§ **Work to be completed**
Leave every picture out and give back the lines below from the first through the line that holds "Amicus Brief of", exactly as written.

§ **Dataset content**
= = = =

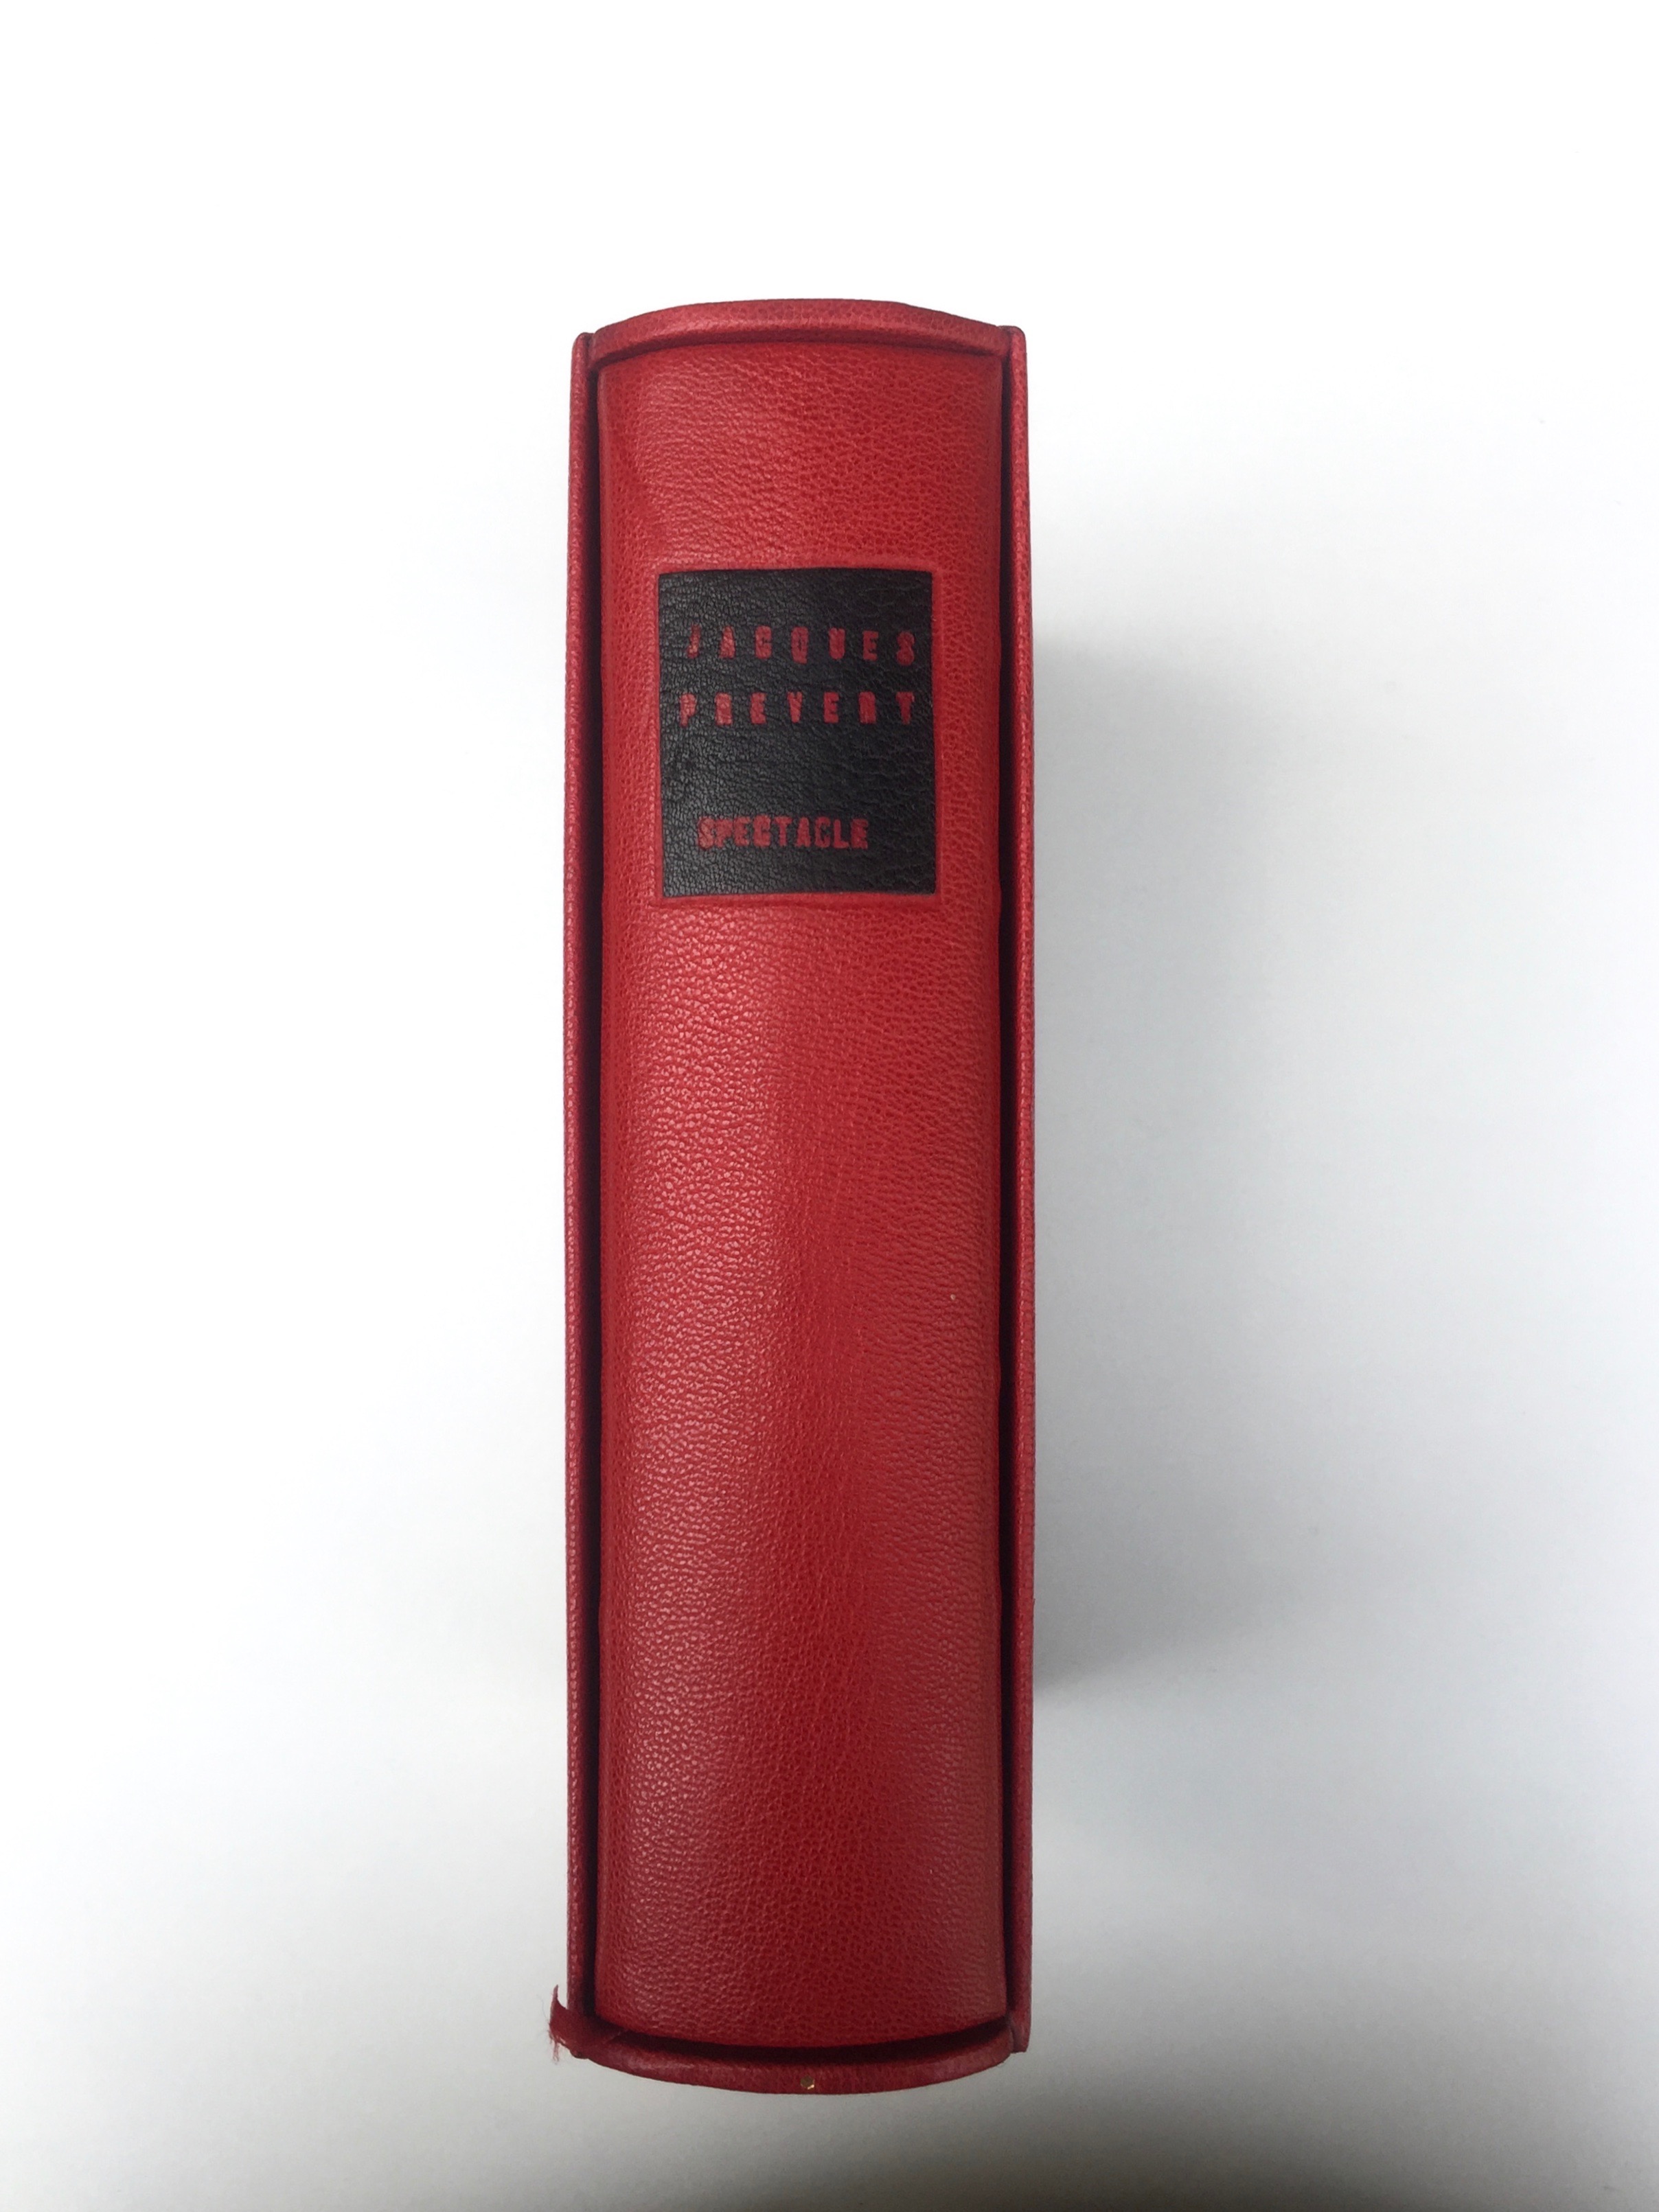 Plein cuir rouge, mosaïques noires évidéées représentant à l'identique le titrage du livre, tranchefile chapiteau bicolore rouge et noire, plats en cuir noir, charnieres en cuir, étui.
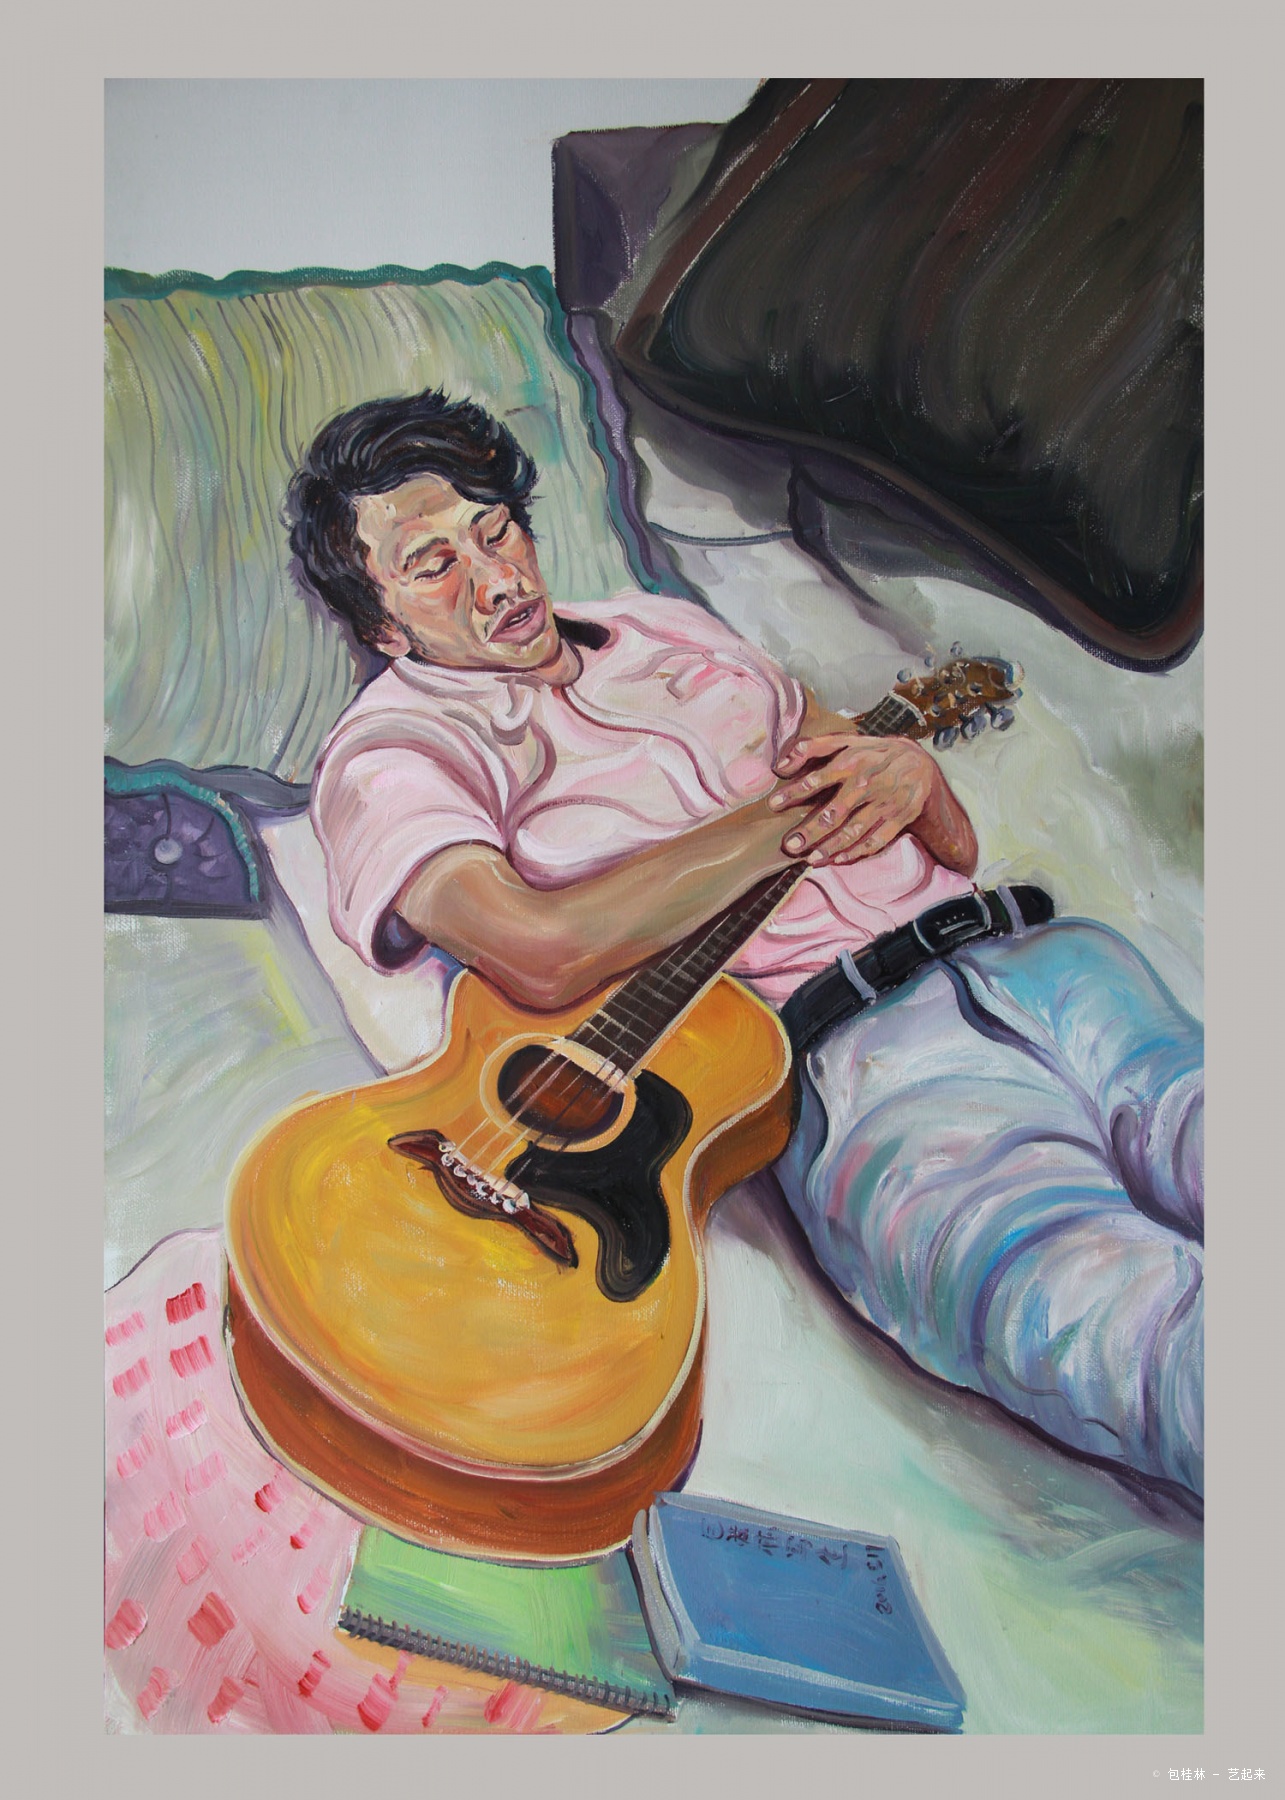 抱吉他午休的男子,包桂林, 2017年布面油画 
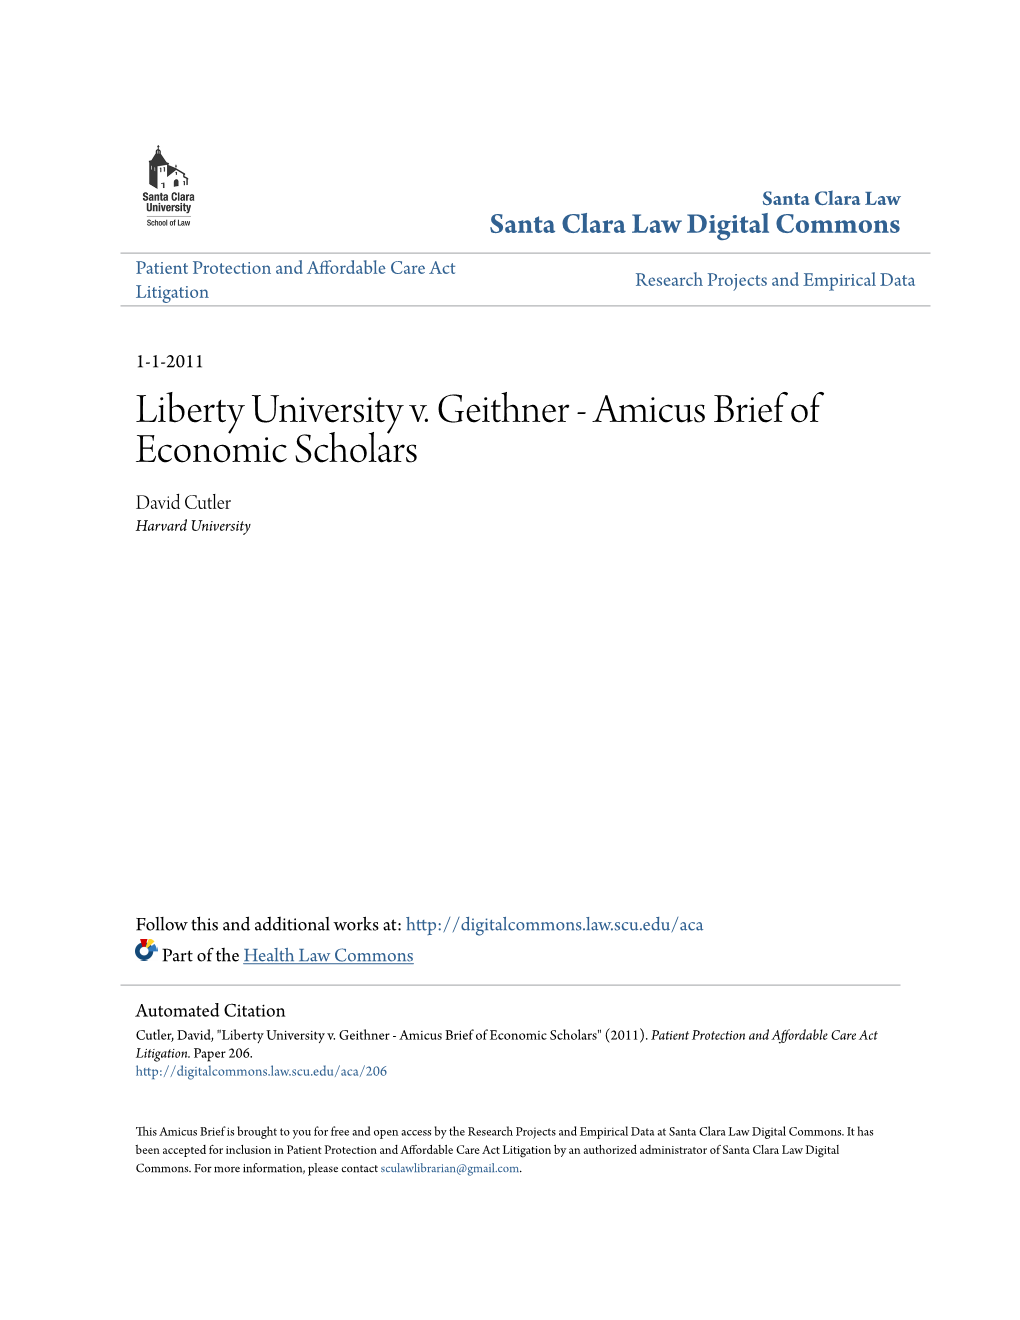 Amicus Brief of Economic Scholars David Cutler Harvard University
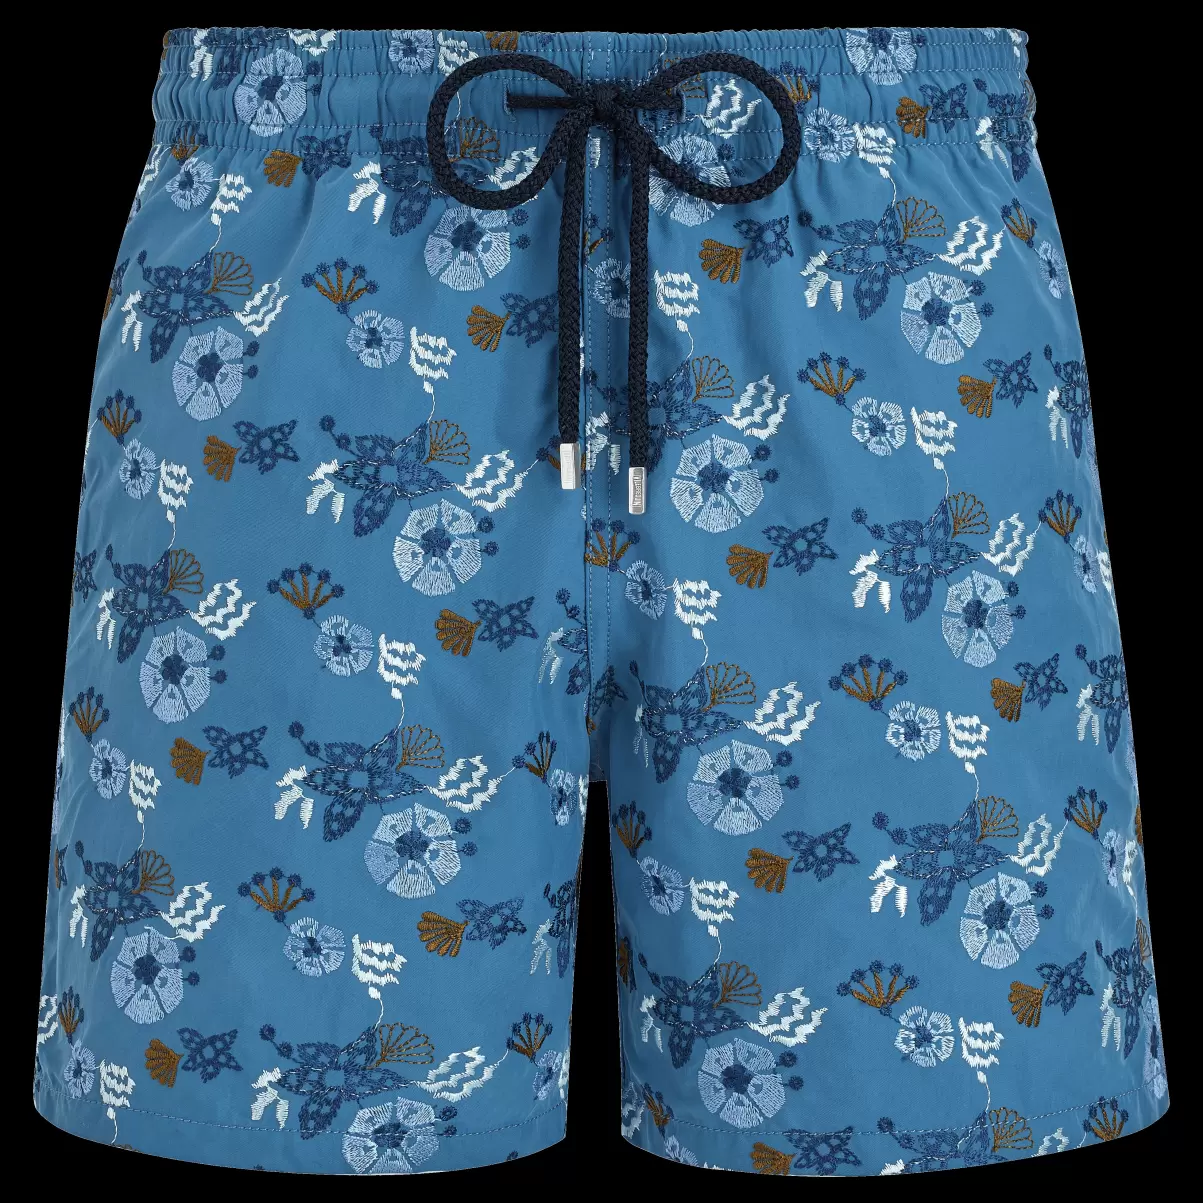 Herren Calanque / Blau Men Swim Shorts Embroidered Flowers And Shells - Limited Edition Bestellung Stickerei Vilebrequin

= = = =

§ **Response for this exercise**
 Plein cuir rouge, mosaïques noires évidéées représentant à l'identique le titrage du livre, tranchefile chapiteau bicolore rouge et noire, plats en cuir noir, charnieres en cuir, étui.
 抱吉他午休的男子,包桂林, 2017年布面油画 
 Amicus Brief of Economic Scholars David Cutler Harvard University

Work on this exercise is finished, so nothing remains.